Parents, you need to accept that the iPad is no longer the new baby sitter. Don't spoil your child with devices, and actually pay attention to them. If you're on a road trip with with your family, give your young kids books, or show them educational videos on important subjects and facts. I would understand if you're busy with things, but if you're one of those busy parents and reading this, then you're just lying to yourself. If they play video games, play with them. Watch them, and read with them. Don't just focus on work or sleep all day. Actually pay attention.
Teen, 15 years old written by Common sense LST

a baby shouldn't really use an electronic device unless it is for a lot of educational videos. like baby Einstein, for example. just eventually wean your baby off of the devices, and only show your educational videos on the devices. or you can also use it for videochatting with other relatives. and give your baby other ways of TLC.
Adult written by mswise

A baby has no reason to be taught to spend time with an iPhone.
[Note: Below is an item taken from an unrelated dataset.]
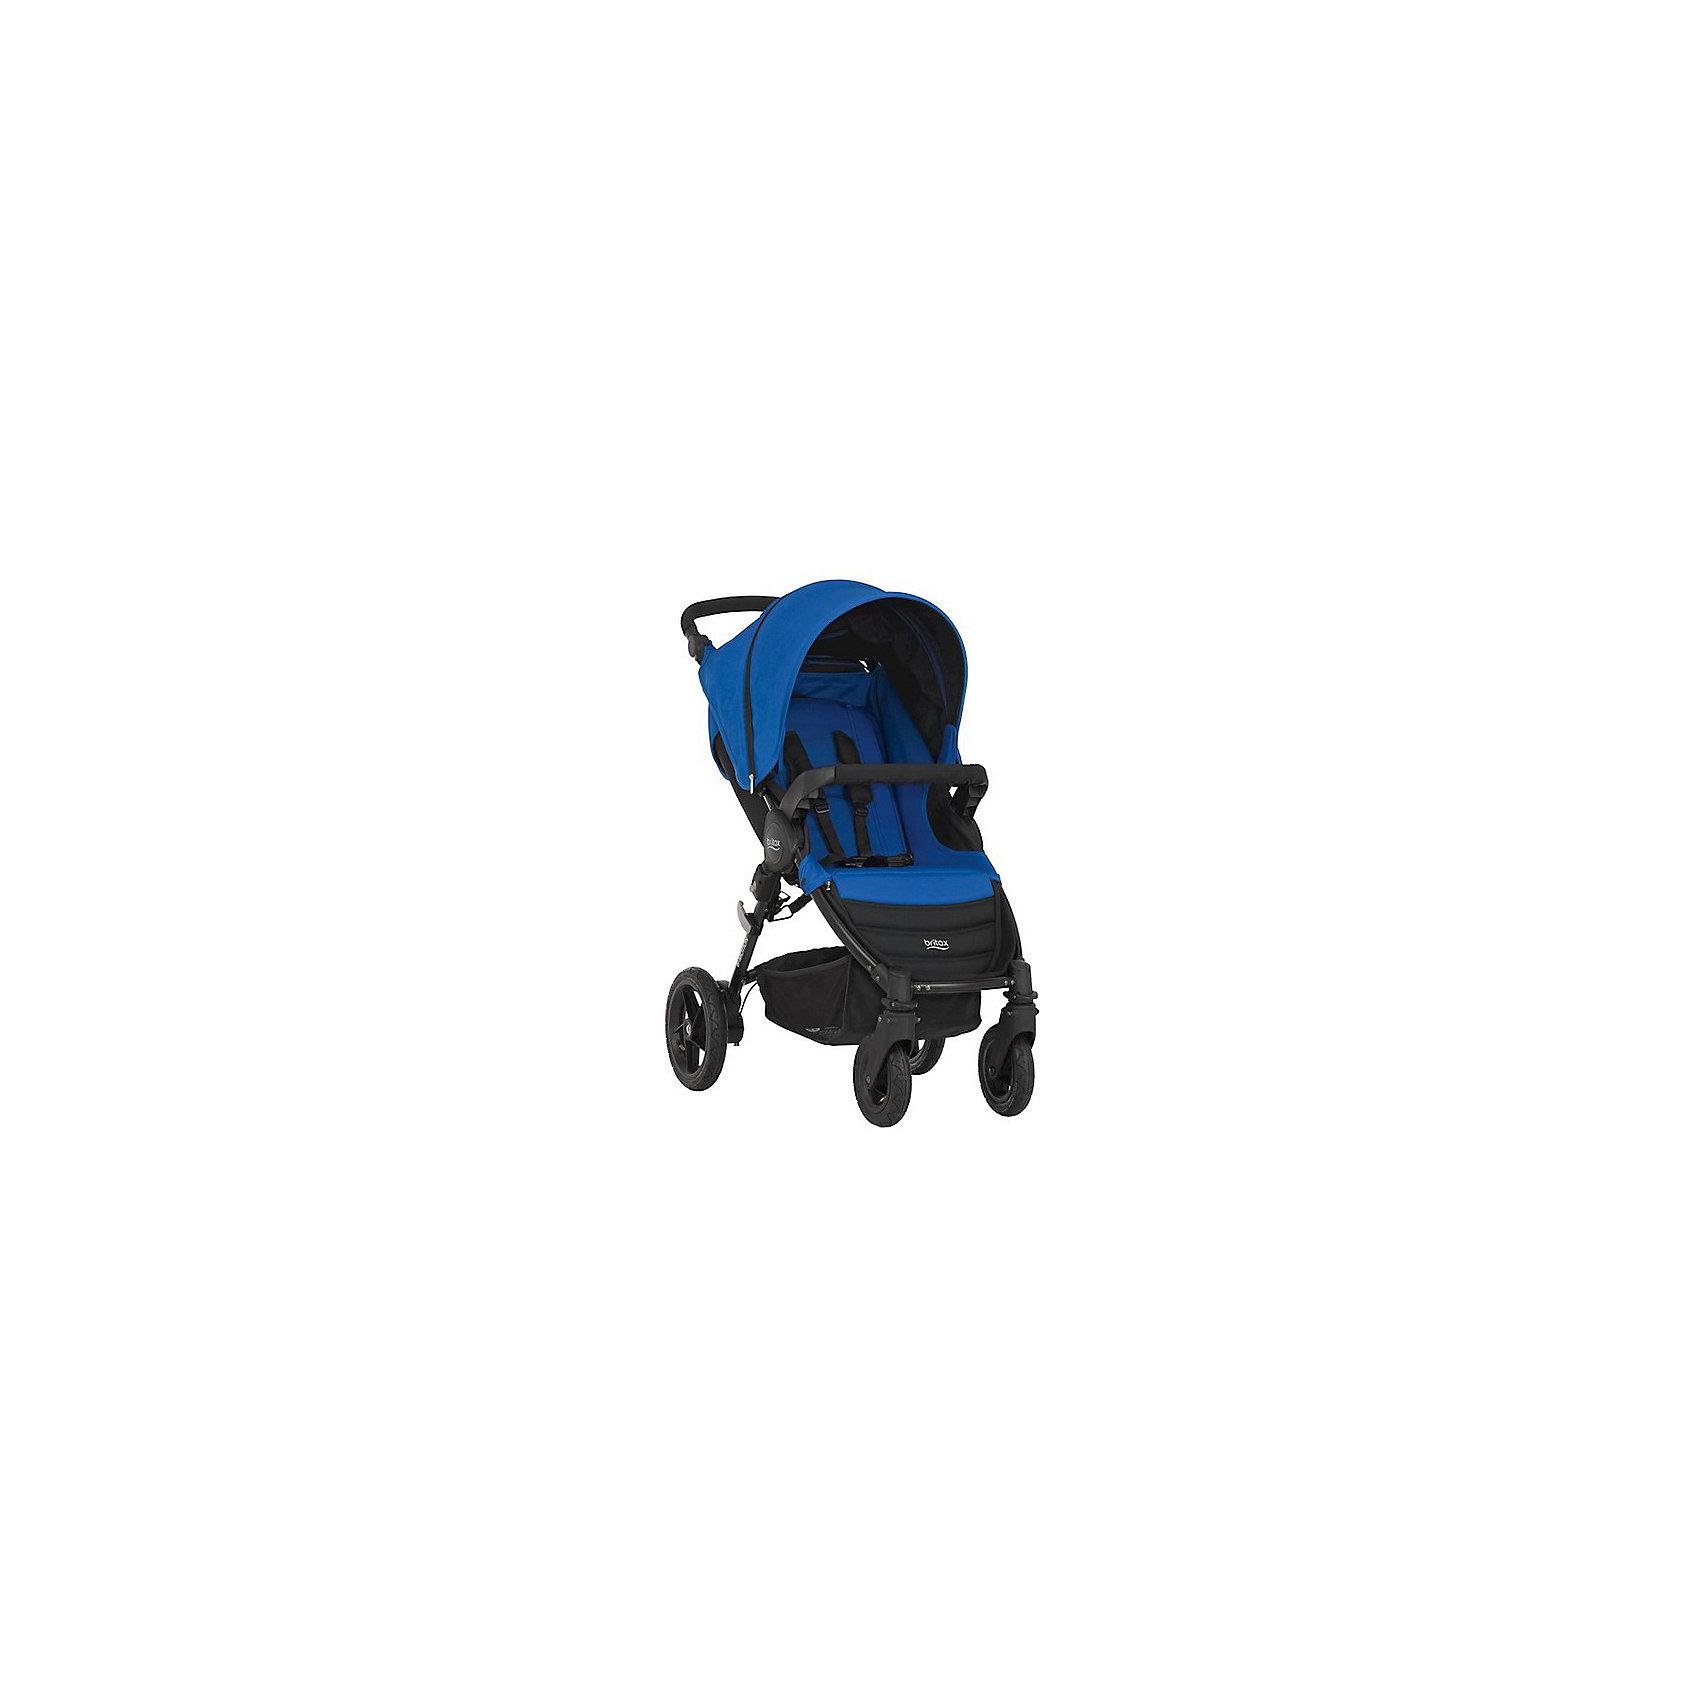 Прогулочная коляска Britax B-Motion 4, Ocean BlueПрогулочные коляски<br>Коляска B-Motion 4, Britax - прекрасный вариант для прогулок, путешествий и активного отдыха! Коляска имеет систему амортизации, передние поворотные колеса, небольшую ширину алюминиевой рамы, что гарантирует удобство, манёвренность и проходимость. Модель легко складывается одной рукой, имеет ножной тормоз и автоматическую блокировку складывания. Удобное сиденье эргономичной формы, подножка и регулируемая спинка обеспечат малышу спокойный и комфортный отдых, а пятиточечные страховочные ремни с мягкими накладками и съемный бампер  гарантируют безопасность. Благодаря встроенным переходникам Click&amp;Go на шасси коляски можно легко и быстро установить люльку или детское автокресло Baby-Safe, Baby-Safe Sleeper.<br><br>Дополнительная информация:<br><br>- Материал: алюминий, пластик, резина, текстиль.<br>- Тип складывания: книжка.<br>- Размер: 105?58?100  см.<br>- Размер в сложенном виде: 27х58х70 см<br>- Размер сиденья: 24х29 см. <br>- Ширина шасси: 58 см.<br>- Ширина сиденья: 35 см. <br>- Вес: 10,5 кг.<br>- Диаметр колес: заднее - 22,5 см;  переднее - 13,5 см.<br>- Регулируемая высота ручки. <br>- Передние поворотные колеса с фиксацией.<br>- Возможность установки на шасси коляски люльки или автокресла группы 0+.<br>- Ножной тормоз.<br>- Регулируемый наклон спинки (до положения лежа).<br>- Пятиточечные ремни безопасности.<br>- Регулируемая подножка.<br>- Съемный бампер. <br>- Корзина для вещей.<br>- Максимальная нагрузка: 20 кг .<br><br>Прогулочную коляску B-Motion 4, Britax (Бритакс), Ocean Blue, можно купить в нашем магазине.<br><br>Ширина мм: 700<br>Глубина мм: 380<br>Высота мм: 270<br>Вес г: 10500<br>Возраст от месяцев: 0<br>Возраст до месяцев: 48<br>Пол: Унисекс<br>Возраст: Детский<br>SKU: 4722158

You're the adult; you set the boundaries. If you're clear within yourself that this is not an appropriate play toy, you'll be able to respond with clarity and continuity. And with consistent boundaries, the baby will learn quickly. Find some kind of alternative special toy or item to offer the baby when you, the adult, need to use your phone. At the same time, be conscious of how you use your phone in the presence of the child. If she/he senses that your attention is more invested in the little screen, that can certainly be upsetting for a little one and they will act in such a way as to get your attention.
Teen, 13 years old written by BallerTy97

Say no to your kid. If you just give her what she wants whenever she wants it, she'll eventually catch on. She'll realize, "Hey, when I cry, mommy/daddy gives me whatever I want!" Don't let your kid get spoiled. You need to teach them that they won't always get what they want.